About Talk To Rex

Talk To Rex is James Aylett and James Lark.

James Aylett first appeared at the Edinburgh Fringe in 1995, wailing loudly and wearing a dress. As an undergraduate he performed and wrote regularly for the Cambridge Footlights, as well as taking roles in the usual swathes of Shakespeare, Shaffer and Ibsen, before squirrelling himself away in the world of advertising where he had a tendency to invent things and give them really obscure names. Having developed an interest in film making and even spent a month in New York especially to learn about it, he has more recently turned to the (somewhat affordable) medium of the short film. A co-founder of improvisation group The Uncertainty Division, he has directed a number of the group's narrative shows, and performed in all of them, appearing across the country in a variety of guises, many of them wailing loudly and wearing a dress.
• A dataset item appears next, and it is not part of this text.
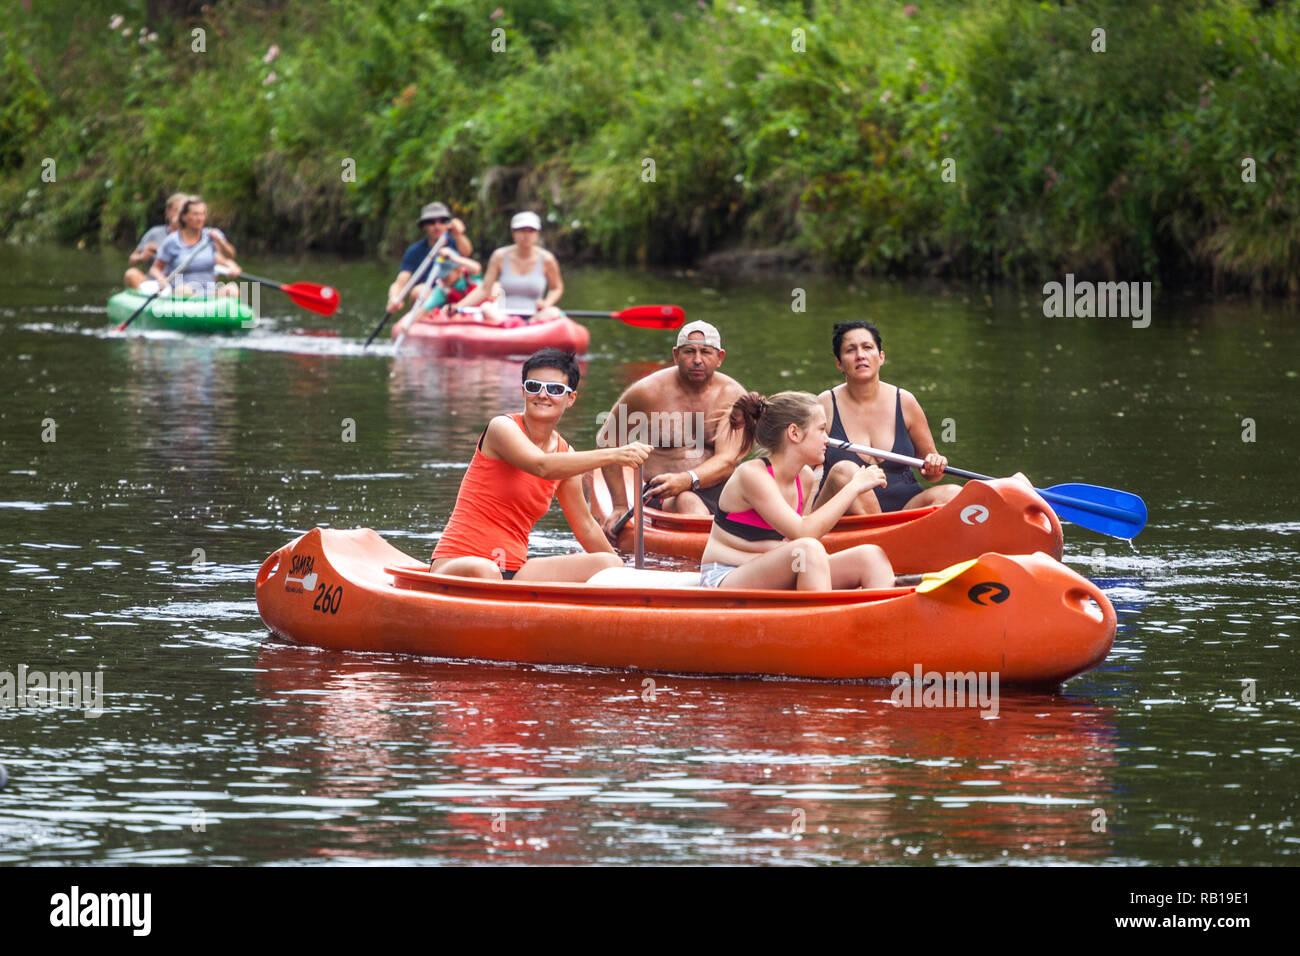 Les personnes actives, de la rivière en canoë sur la rivière d'aventure estivale, République Tchèque Photo Stock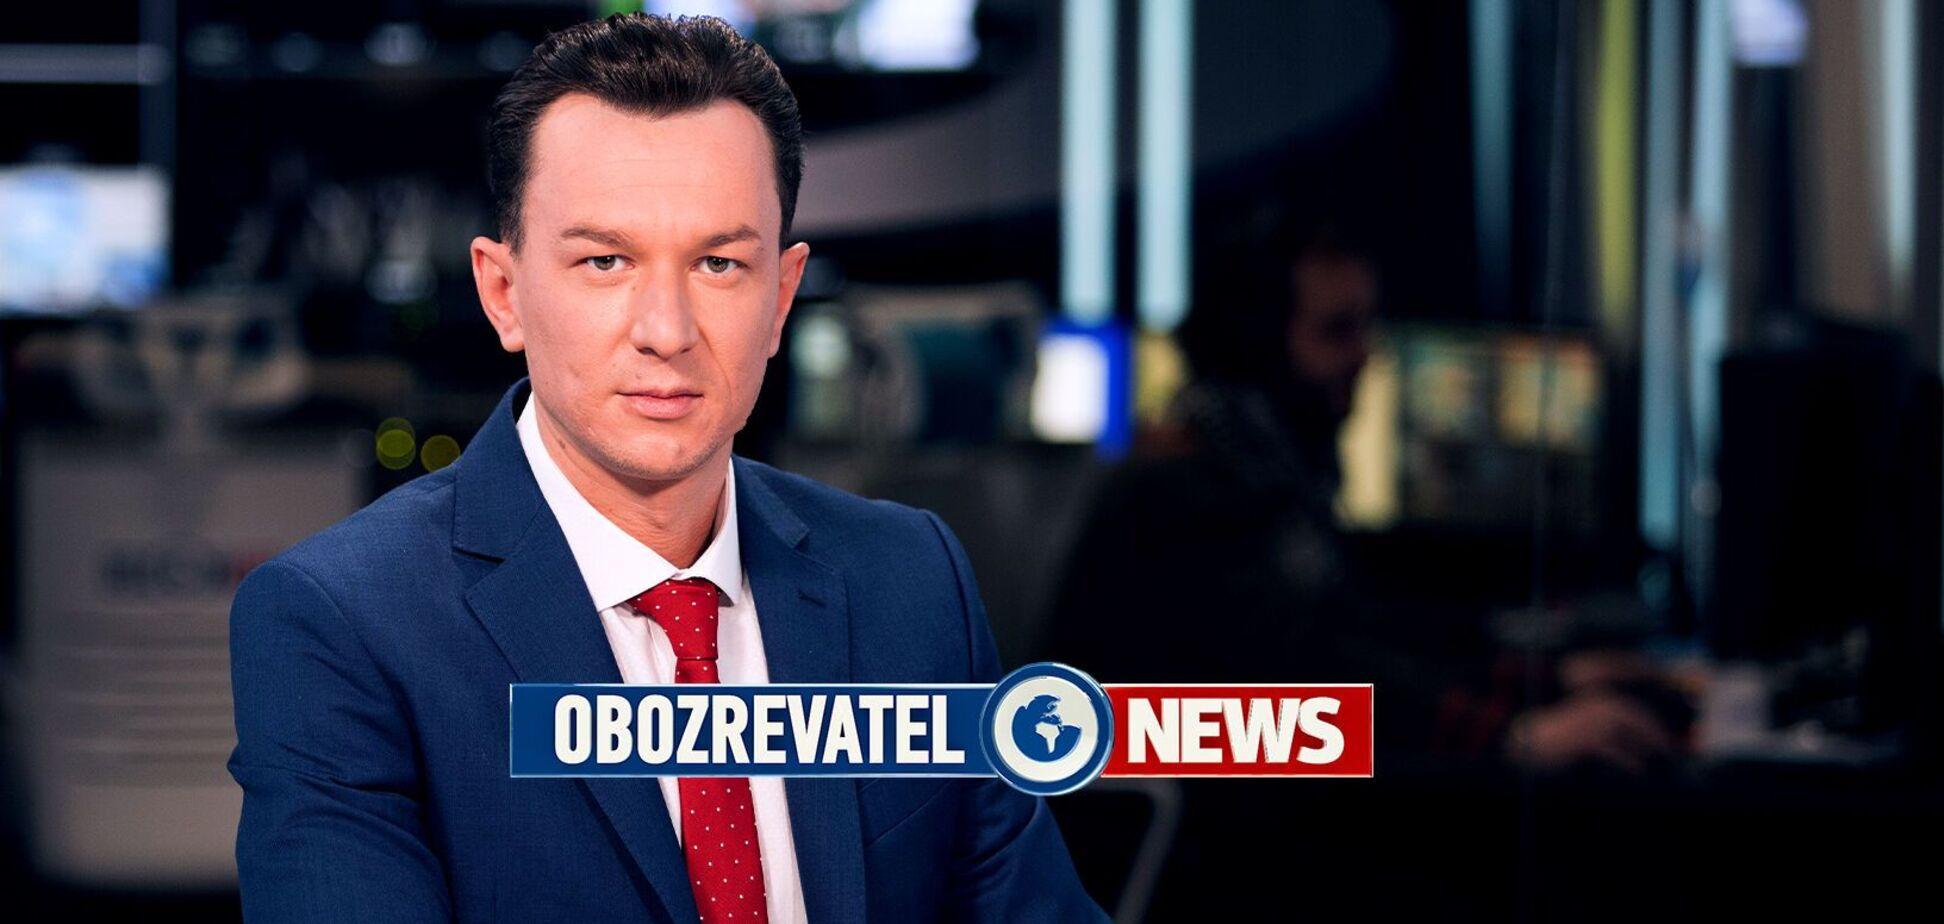 Байден в Европе, карантин ослабили, пополнения на 'Площади Звезд', – основные темы короткого обзора новостей

James Lark works sporadically as an actor, writer and musician, occasionally combining all three such as in his 2006 Edinburgh show The Rise and Fall of Deon Vonniget, a culmination of years of traipsing around venues all over the country singing comic songs about cheese. But he has done some serious plays as well, and when not acting in them he is usually directing the music for them. He has written for Ealing Live!, Focus Theatre Company and The Friday Thing and one of his monologues on BBC Radio won a Jerusalem Award in 2004. He has had music performed all over the world by the likes of English Voices, Girton College Choir and the organist Guy Bovet. He has co-written, directed and scored several short films, and written a couple of features which are now gathering dust. Although he co-founded The Uncertainty Division and has performed in all of their shows, he is a different person to James Aylett.